【読解力が危ない】(04) 本離れ防げ…魅力伝える

20170215 02
先月27日夜、JR東京駅近くのイベント会場は、約300人の熱気に包まれた。来場者が耳を傾けたのは、6人の書店員によるお薦め本のアピール。ジャンルは、小説から言語学を扱ったノンフィクションまで幅広い。『ビブリオバトル』と呼ばれるゲームで、5分間の発表時間内に本の魅力を紹介し、来場者が読みたい本を投票で決める。ゲスト参加した作家の浅田次郎さん(65)は、「本を読むと、自分の中で想像力が膨らむ。それから美しく楽しい時間が過ごせる。これがやっぱり、読書の素晴らしさだと思う」と語りかけた。取り組みは約10年前、大学院の勉強会で取り上げる本を探す為に発案された。『ビブリオバトル普及委員会事務局』によると、昨年は外部に公開されたものだけでも、全国で1271回が開かれた。本を手に取るきっかけ作りとして注目されており、近年は中高生や大学生がお薦め本を紹介する大会も増えている。ただ、若い世代の本離れは深刻だ。『全国大学生活協同組合連合会』(東京都杉並区)の2015年の調査によると、1日の読書時間がゼロの大学生の割合は45.2%で、34.5%だった2012年以降、増加し続けている。

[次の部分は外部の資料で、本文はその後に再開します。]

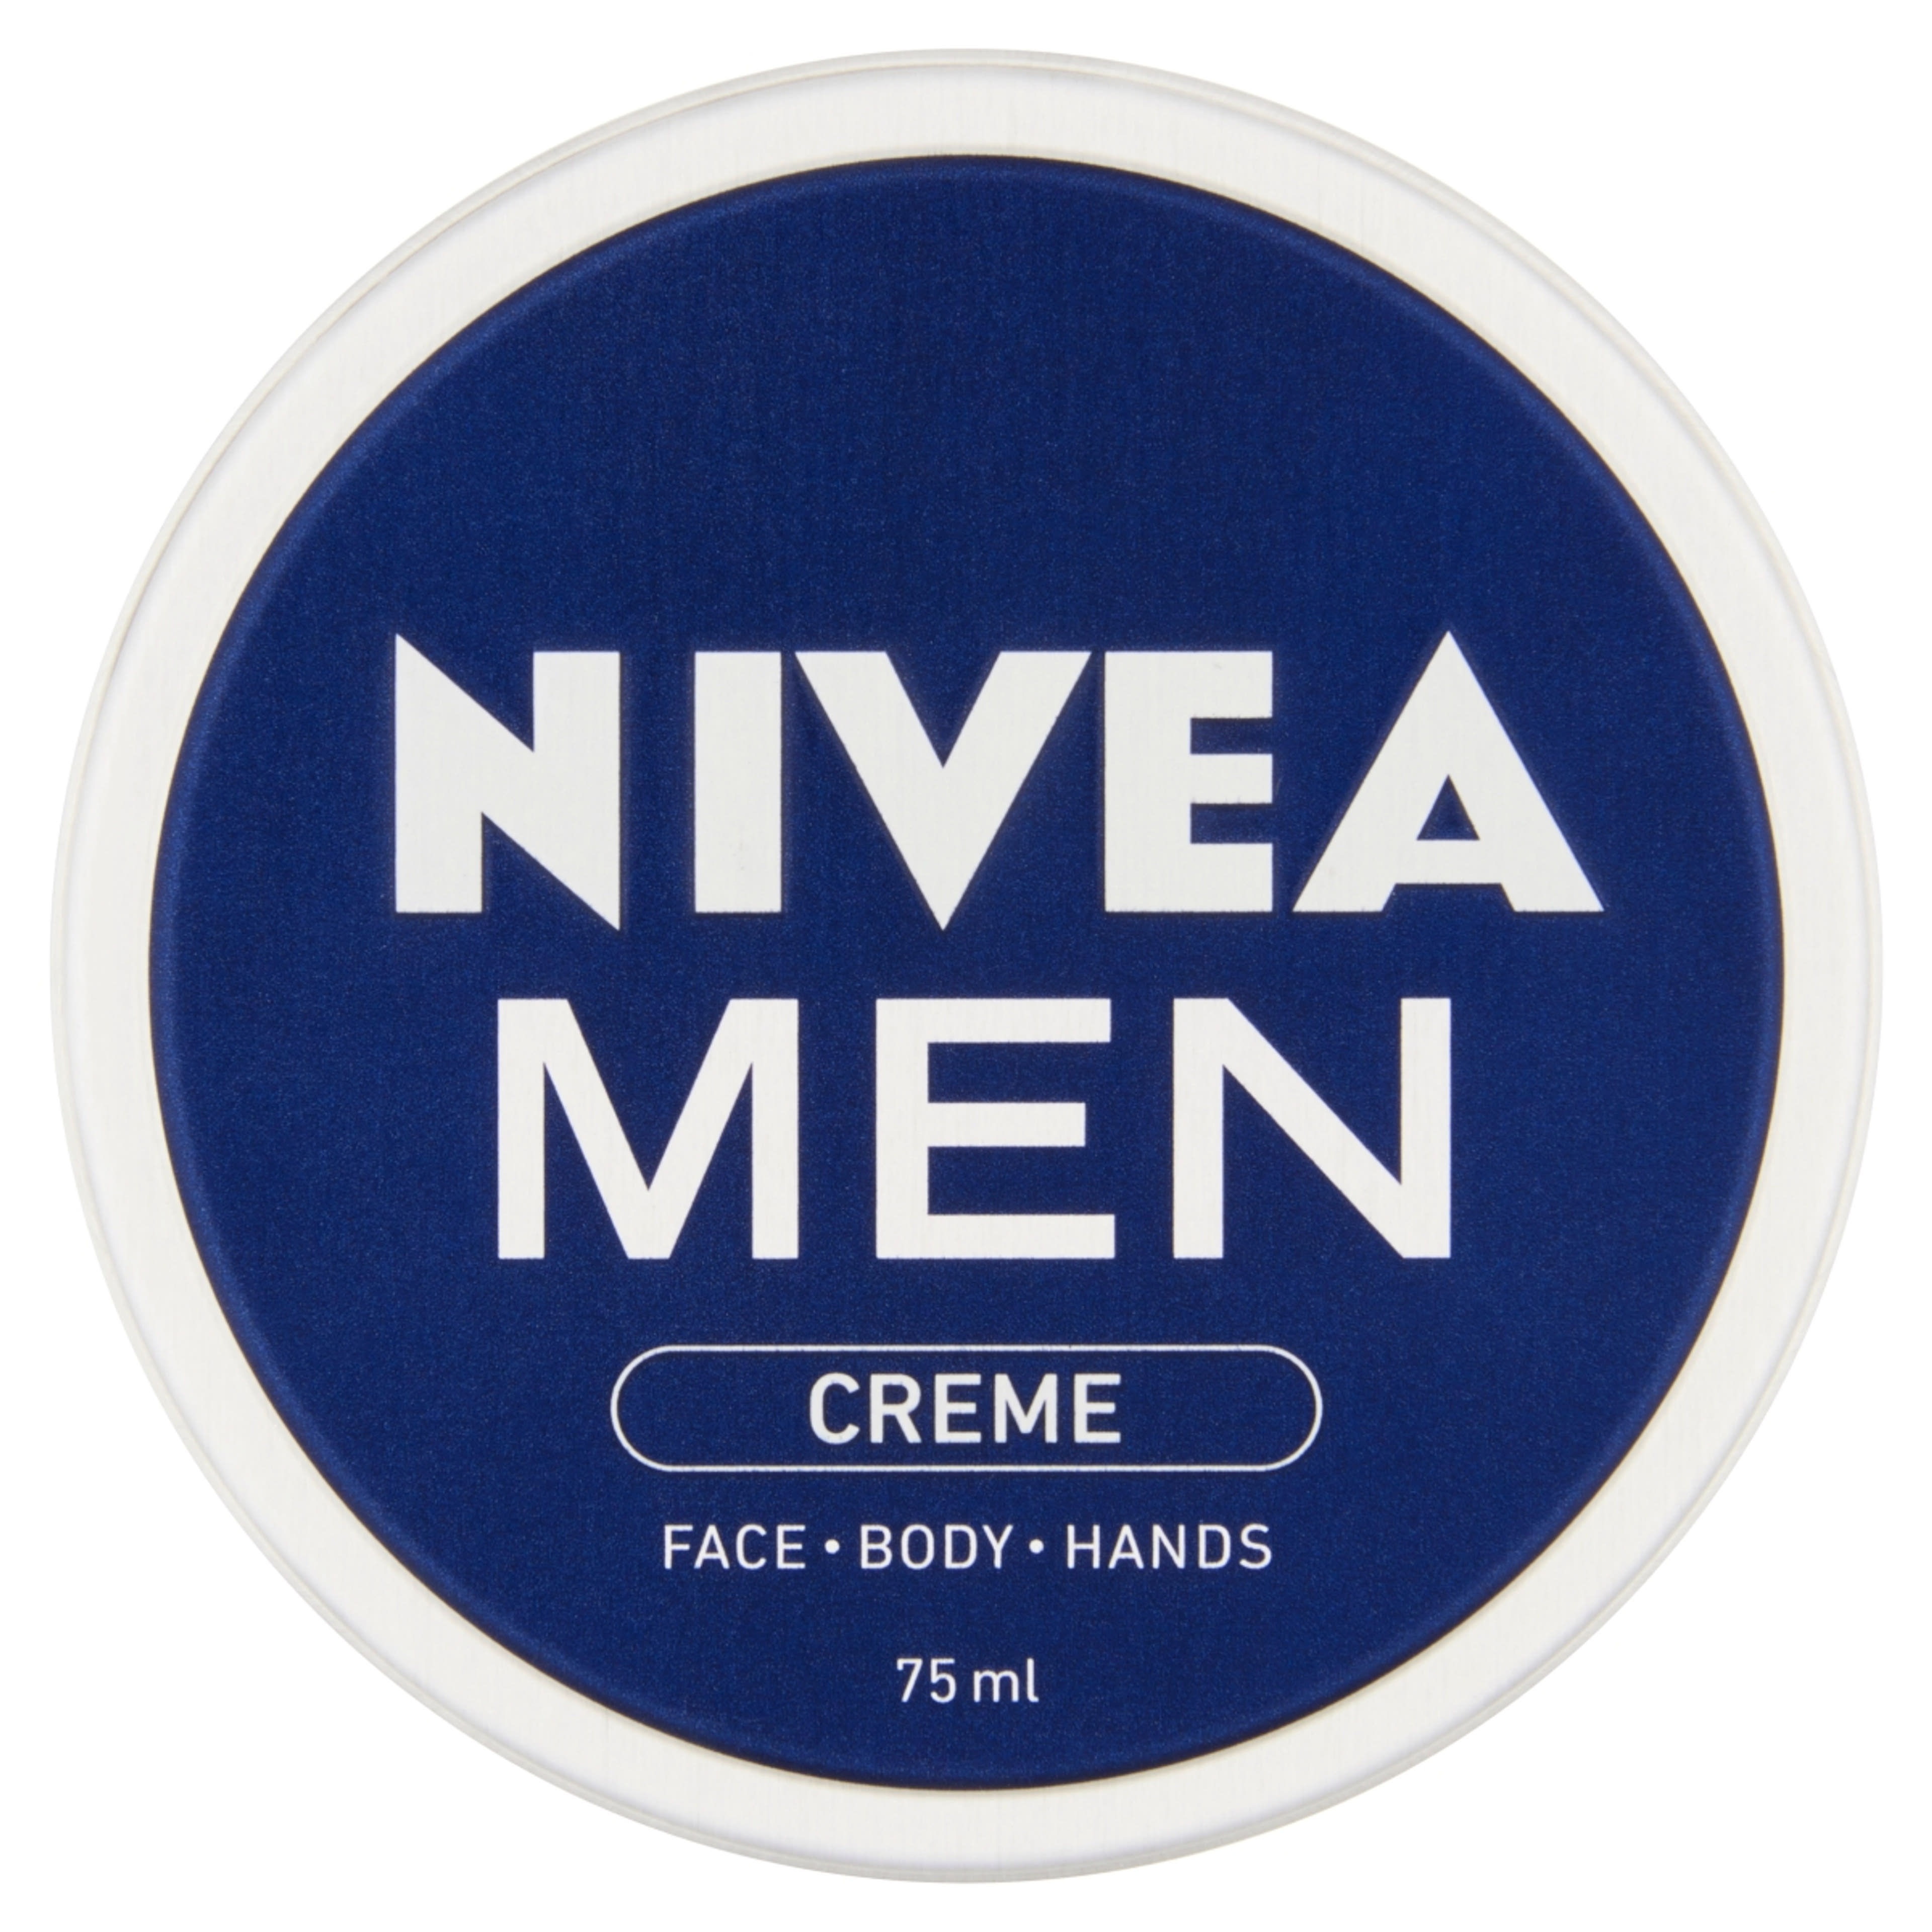 NIVEA MEN Creme - 75 ml-1

高校生も同様で、『全国学校図書館協議会』(東京都文京区)の2016年調査では、1ヵ月に1冊も本を読まない生徒が、2013年より12.1ポイント増えて57.1%に上った。こうした状況に、出版社も危機感を強めている。『新潮社』は2013年から、『中高生のための新潮文庫ワタシの一行大賞』を始めた。前年までは読書感想文コンクールを行っていたが、心に残った1行を選び、理由を纏める形式に改めたところ、約1万通だった応募が倍増した。同社広報宣伝部の馬宮守人次長(56)は、「自分の感性で1行に纏わる体験を語れる点が受け入れられた」とみている。高校生が直近1年の直木賞候補作から1作を選ぶ『高校生直木賞』という取り組みもある。『文藝春秋』が支援しており、全国大会では各校代表が激論を交わす。昨年は30歳女性が主人公の作品が選ばれたが、「心がえぐられ過ぎて辛い」「自分が成長したら、もう一度読み返したい」等の意見が3時間半も出続けた。ビブリオバトルを考案した立命館大学の谷口忠大准教授(38)は、「これまで読書のインプットの面ばかりが強調されてきたが、中身を理解し、自由に表現するアウトプットにも光を当てるべきだ」と指摘する。本を読み、自分の考えを表現する――。それが読解力向上に繋がる。